In the sample code snippet below we enrich a table with trade areas, with sociodemographic and consumer spending variables from the Data Observatory.

The output of this method is a table of enriched trade areas, a table with correlation values between variables, and a table of descriptive values for each variable (mean, median, standard deviation etc.)

CALL carto-un.carto.CUSTOMER_SEGMENTATION_ANALYSIS_DATA(
-- Select the trade areas of merchants, can be pre-enriched trade areas
R'''
SELECT *
FROM <my-project>.<my-dataset>.trade_areas_enirched
''',
-- Data Observatory enrichment - Only for sociodemographics and consumer spending categories
'<my-dataobs-project>.<my-dataobs-dataset>',

-- Custom data enrichment
NULL, NULL,
--output_prefix
'<my-project>.<my-dataset>.california_test'
-- This is sample code, not aimed for reproducing the analysis
)


After the enrichment, we used the correlation analysis table to understand the relationship between all pairs of features. In the diagram below, we can see that very few features are correlated with each other. The one relationship that stands out the most is the relationship between average median income and the household expenditure in food away/home. In addition, the total population correlates with the number of HORECA (Hotels, Restaurants, Cafeterias) stores. From a business perspective, these relationships make sense, the higher a household income is, the more it can spend on food; while for the second, more densely populated areas are likely to have more restaurants, cafeterias, etc.

### Customer segmentation

Finally we run the segmentation function, using a combination of target segments, in this case 4, 5, 6 , 7 and 8 segments.

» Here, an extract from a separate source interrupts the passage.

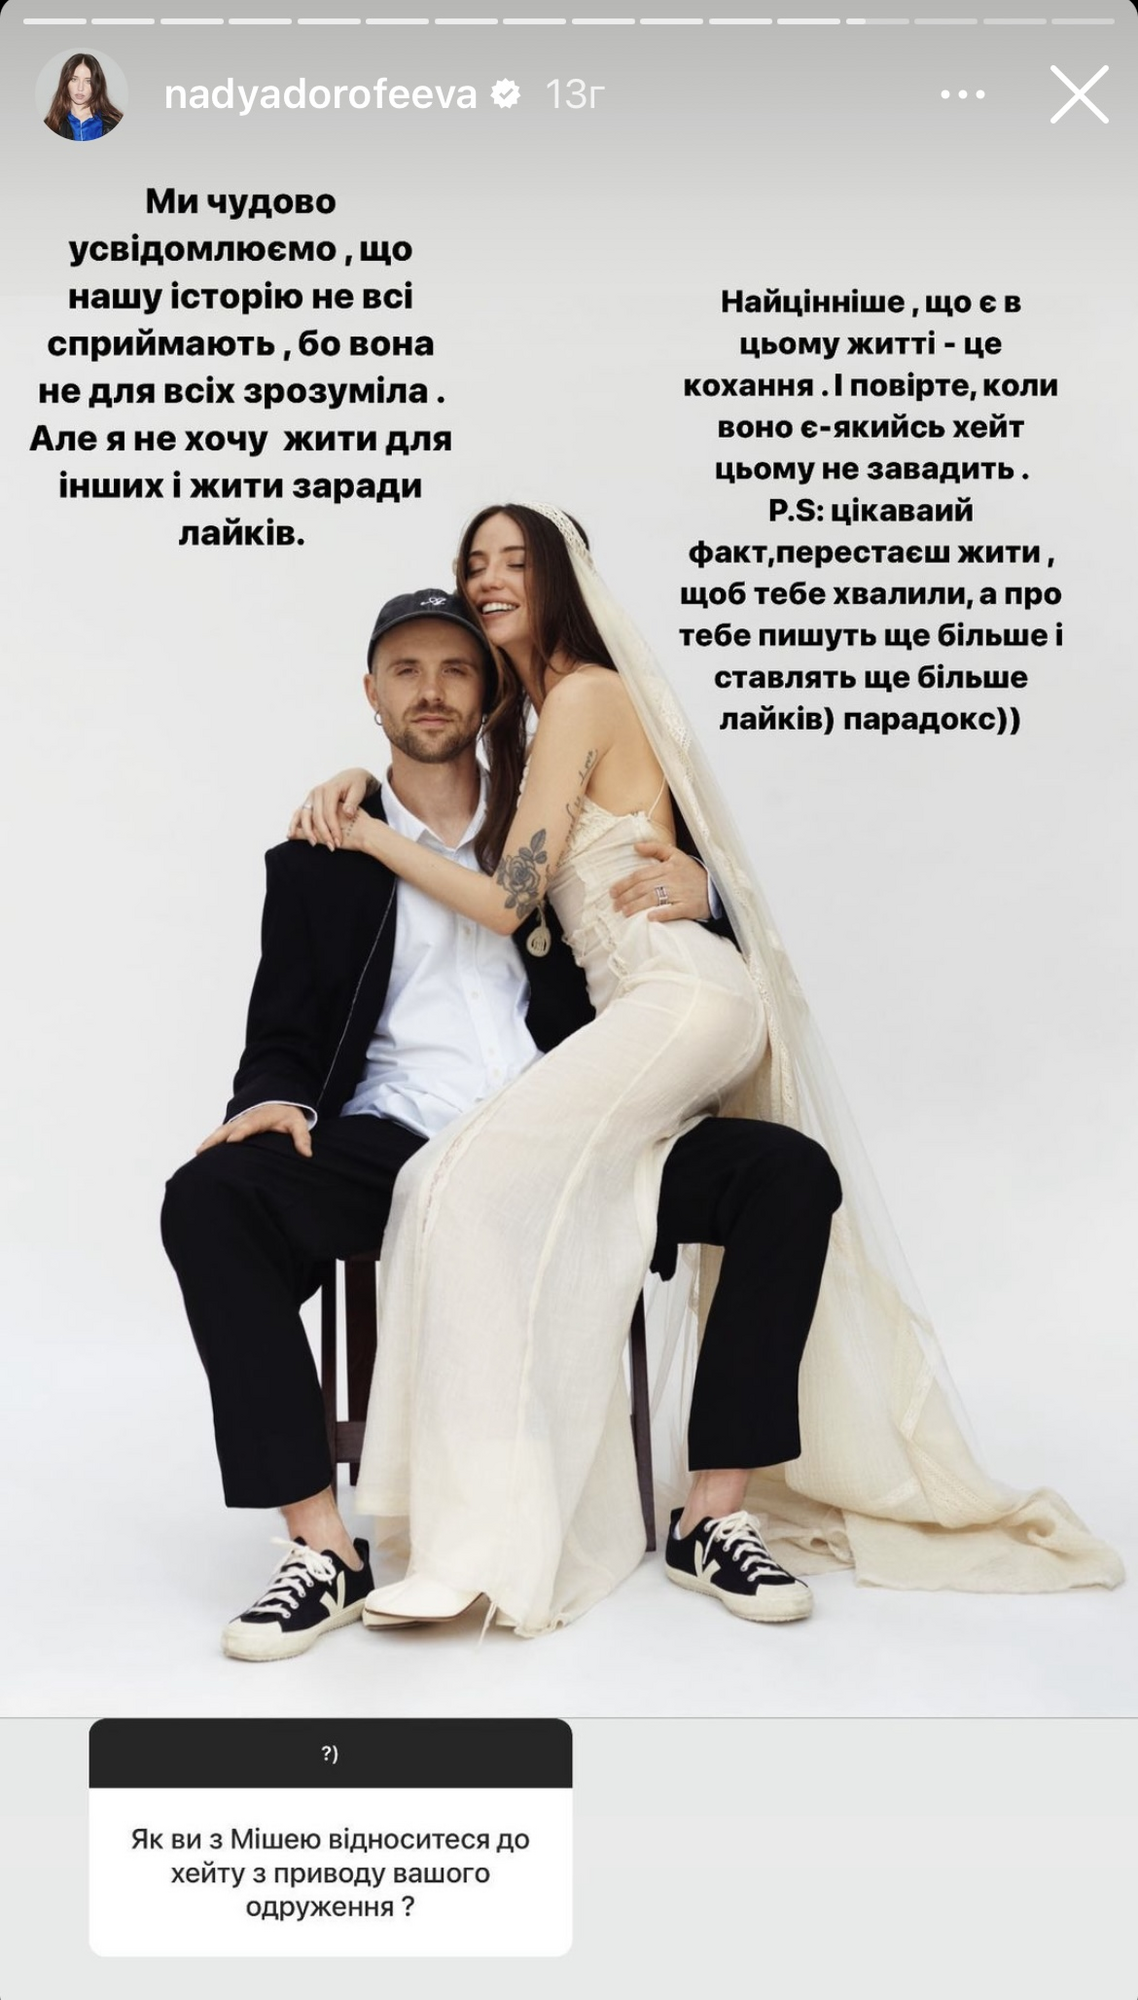 "Не хочу жити для інших": Дорофєєва відповіла на хейт через весілля з Кацуріним і зізналася в проблемах із самооцінкою

Below a sample code snippet, where we segment the enriched trade areas table, an output from the CUSTOMER_SEGMENTATION_ANALYSIS_DATA method. We ask the method to segment 5 times. The first time it will divide trade areas into 4 segments, the second time into 5 segments, and so on.

CALL carto-un.carto.RUN_CUSTOMER_SEGMENTATION(
--select the source table of merchants enriched with geospatial characteristics
'<my-project>.<my-dataset>.california_test_enrich',
--select the number of clusters to be identified (five analyses to identify 4, 5, 6, 7 and 8 clusters respectively)
[4, 5, 6, 7, 8],
--PCA explainability ratio
0.9,
--output prefix
'<my-project>.<my-dataset>.california_test_clustering'
);


The main output of this method is a table assigning each merchant to a segment, for each combination of target segments. In addition, a table with the descriptives of each variable for each analysis, a table with the statistics of the analysis (Davies-Bouldin index, Mean-squared distance), and a table with the results of the PCA analysis.

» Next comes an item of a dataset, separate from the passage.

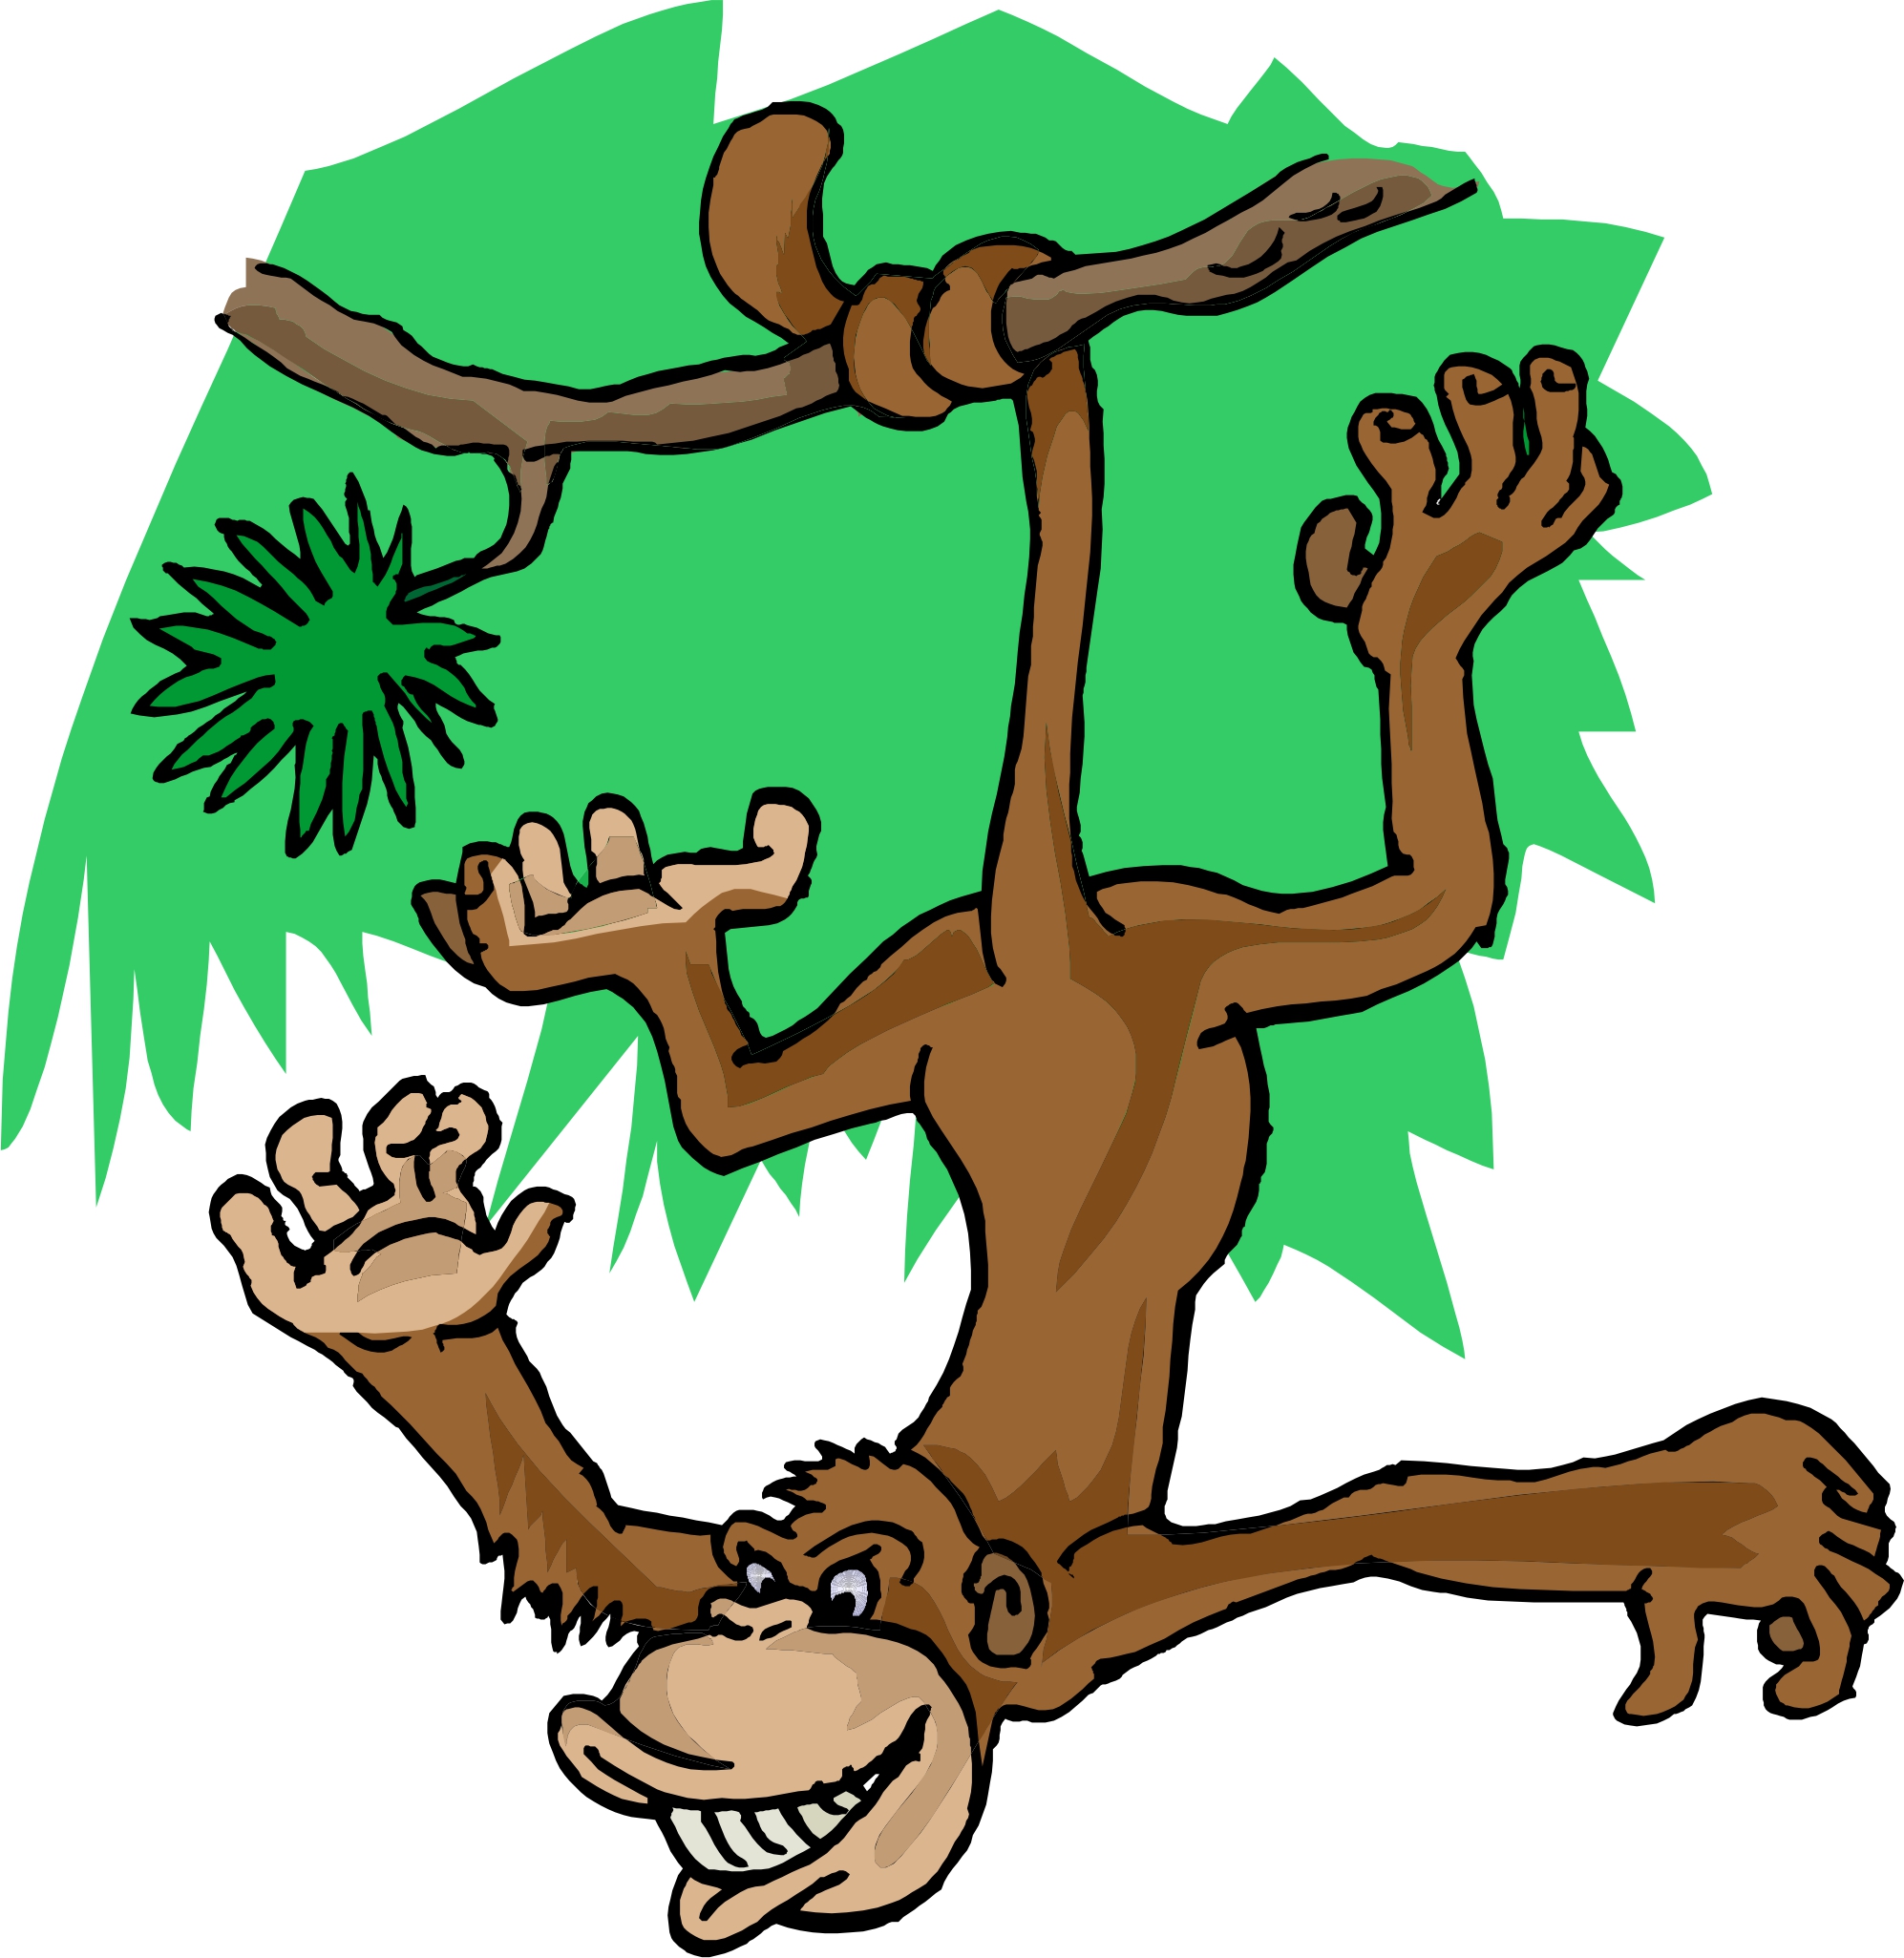 free clipart of cartoon monkeys - photo #41

The Davies-Bouldwin index and the mean squared distance for all the combinations are shown in the table below.

num_clusters davies_bouldin_index mean_squared_distance
4 1.25 13.72
5 1.90 12.07
6 1.62 10.45
7 1.61 9.81
8 1.61 9.89

Exploring the resulting segments for each scenario (i.e. for different numbers of clusters), we identified the combination of 7 segments to be the best performing for our given geography, selected POIs, trade area configuration and selected features. The assessment consists of an objective criteria (Davies-Bouldwin index and the mean squared distance) along with the subjective criteria, business logic and interpretation of the outcomes. The best theoretical separation amongst clusters is for the case of 4 clusters. However, inspecting the results along with the similarities of stores within clusters, the case of 7 clusters is deemed as the most appropriate one.

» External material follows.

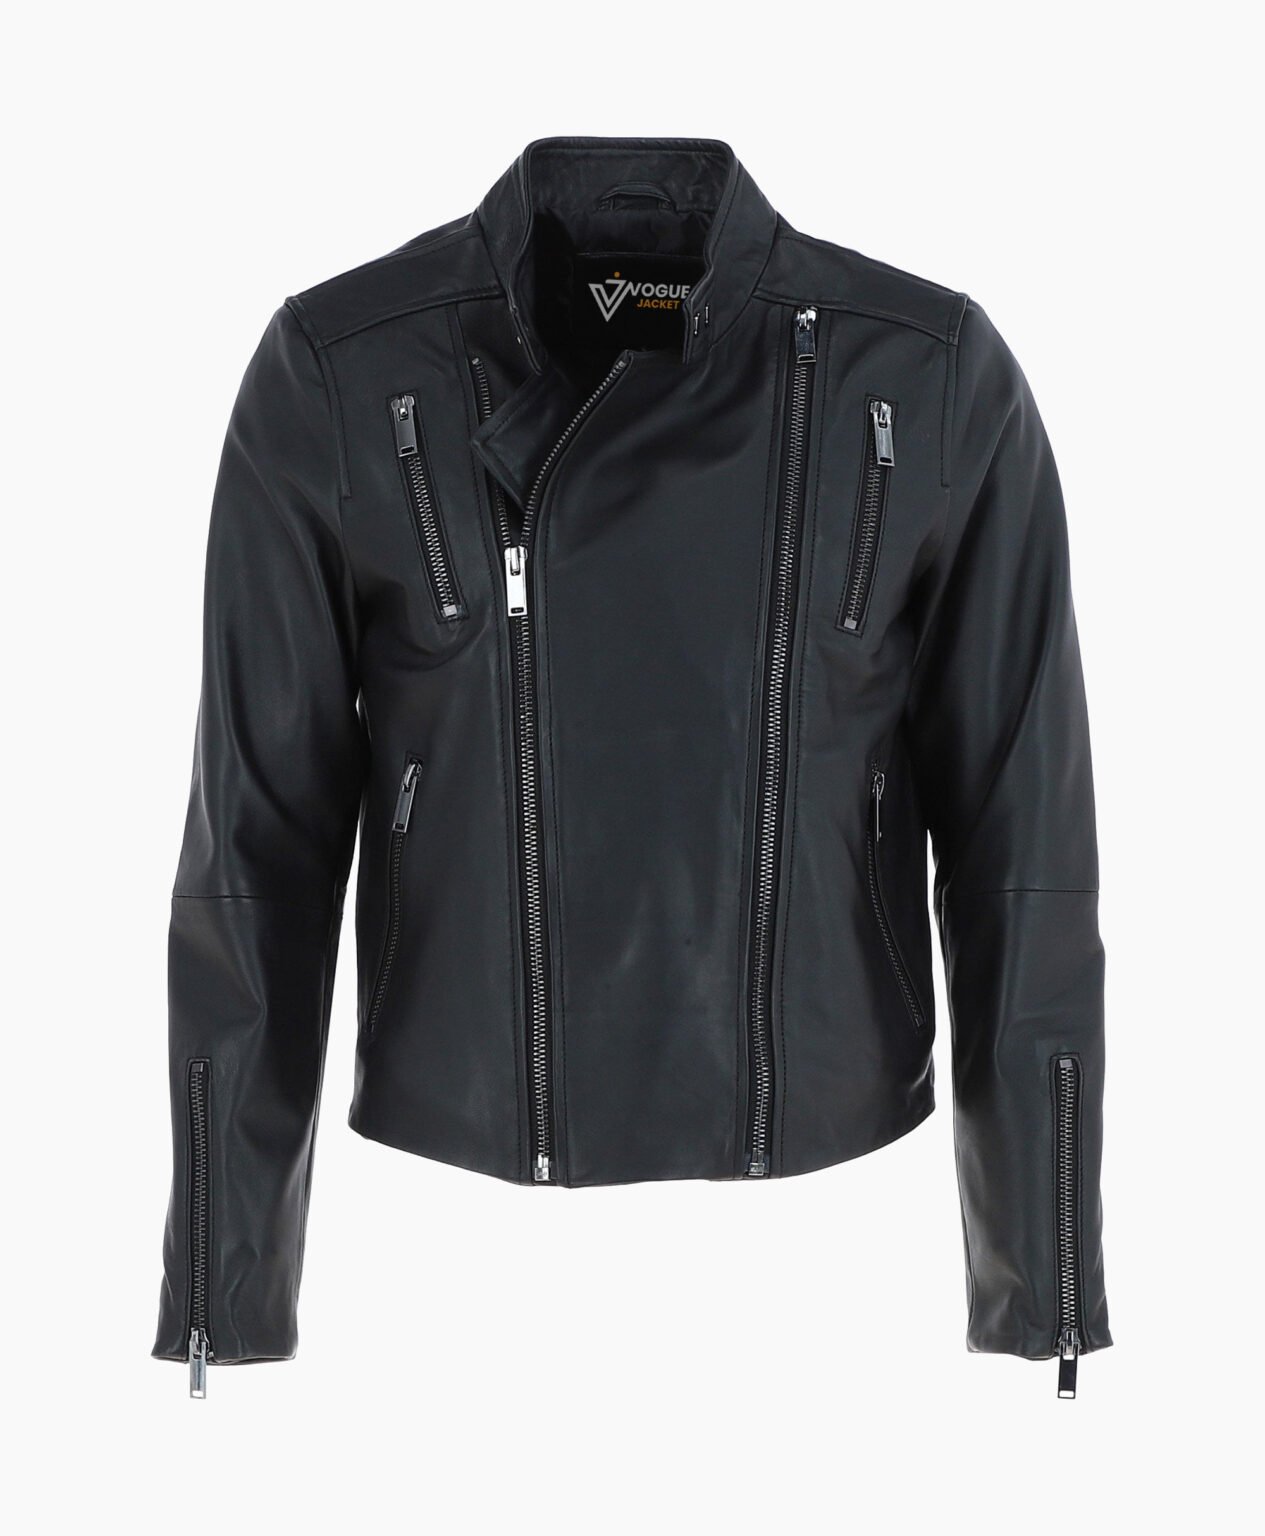 vogue-jacket-leather-biker-jacket-black-logan-image200

See the map below for the results:

Let’s take a closer look at the characteristics of each resulting segment.

ID Segment name Number of merchants Description
1 Low population density urban 2.5k Characterized by a lower population density (mostly for a 500m radius) yet higher income for younger population and higher spending on food and beverage; higher presence of the Educated Urban consumer segment.
2 Rural higher income lifestyle 1.8k Characterized by high residential density for rural trade areas, high income individuals. It is also characterized by a higher presence of the Young Professionals segment.
3 Focus on essentials 4.1k Characterized by lower income per household, also for younger ages. The segment experiences a lower density of merchants. Presence of relevant consumer segments is also lower.
4 Rural higher income lifestyle 0.3k Similar to segment 4, also characterized by a higher presence of the Ingredient Attentive and Fitness Obsession segments.
5 Health conscious and spending conscious 4.5k Characterized by high presence of all relevant consumer segments, high mobility. Income is lower, also for younger age groups; by effect spending on food and beverage is lower.
6 Tech sector areas 6.1k High presence of Ultra-wealthy individuals, higher median income for younger population, and higher spend on food both outside and inside the household.
7 Health conscious and premium lifestyle 1.2k Similar characteristics to segment 5, however in this segment income and, as a consequence, food and beverage spend are much higher.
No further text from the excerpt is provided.